Physical-Chemical Characterization of FH(ICG) Nanoprobe
The size and surface charge of FH and FH(ICG) were determined by dynamic light scattering (DLS) using a Zetasizer Nano ZS90 (Malvern Instruments, Malvern, UK). FH was dissolved in PBS at a 30 mM iron concentration, while FH(ICG) was dissolved in PBS at a 1 mM iron concentration to avoid potential sample interference with the instrument laser. Size histograms for each sample indicate one representative measurement. The physical stability of FH and FH(ICG) stored at either 4°C or 25°C was determined by measuring their diameter at various timepoints over a 28-day period.

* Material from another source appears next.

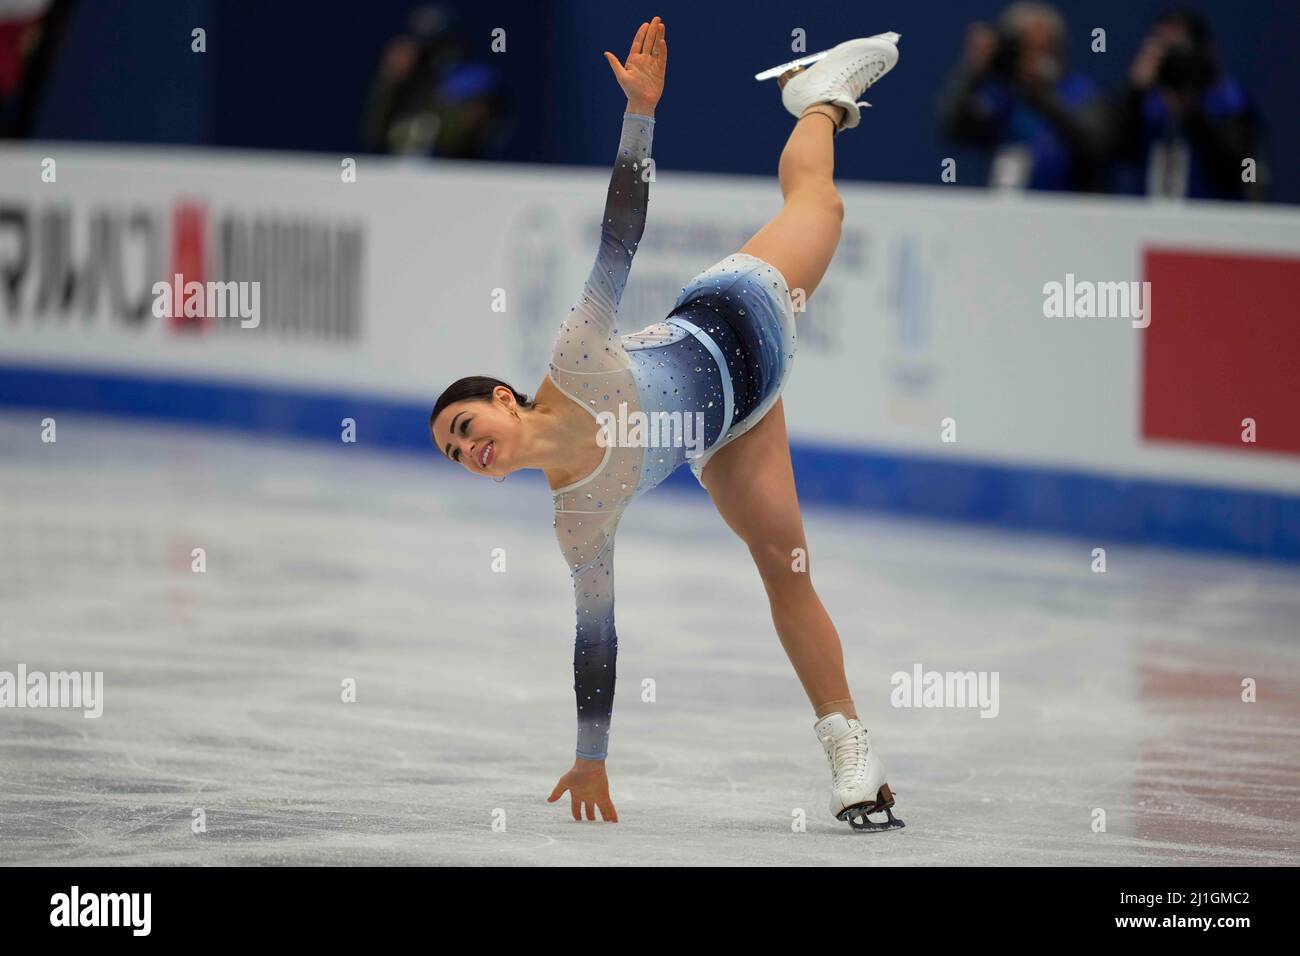 Sud de France Arena, Montpellier, France. 25th Mar, 2022. Julia Sauter from Romania during Womens final, World Figure Skating Championship at Sud de France Arena, Montpellier, France. Kim Price/CSM/Alamy Live News Stock Photo
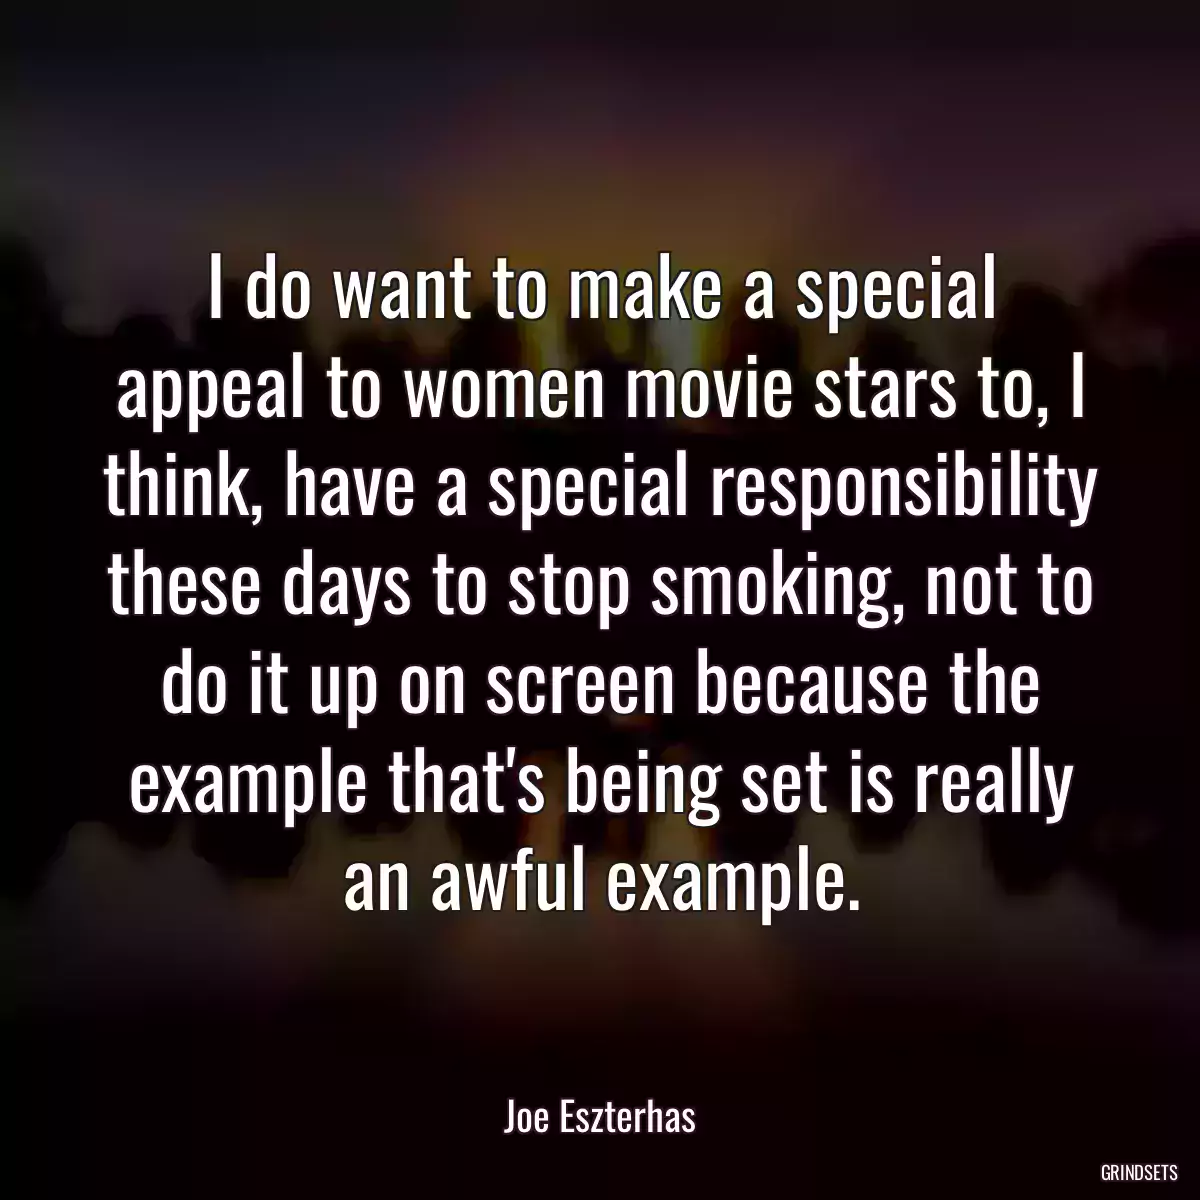 I do want to make a special appeal to women movie stars to, I think, have a special responsibility these days to stop smoking, not to do it up on screen because the example that\'s being set is really an awful example.

The fluorescence stability was also measured. Briefly, ICG and FH(ICG) were dissolved at 10 μg/ml ICG concentration in PBS and stored either in the dark at 4°C or on the bench top at 25°C. At various time points, aliquots of each sample were taken and diluted 1:1 with DMSO. The fluorescence of these samples was measured with the fluorescence imager, and the fluorescence measurements were normalized to the fluorescence at the initial timepoint. The fluorescence quenching stability was also measured. Briefly, FH(ICG) was diluted to 30 mM iron in PBS and stored either at 4 in the dark at 4°C or on the bench top in the light at 25°C. At various timepoints, FH(ICG) aliquots were diluted 1:100 in PBS and the fluorescence was measured on the fluorescence imager. FH(ICG) fluorescence was normalized to the fluorescence of identical FH(ICG) concentration samples in 1:1 DMSO:PBS.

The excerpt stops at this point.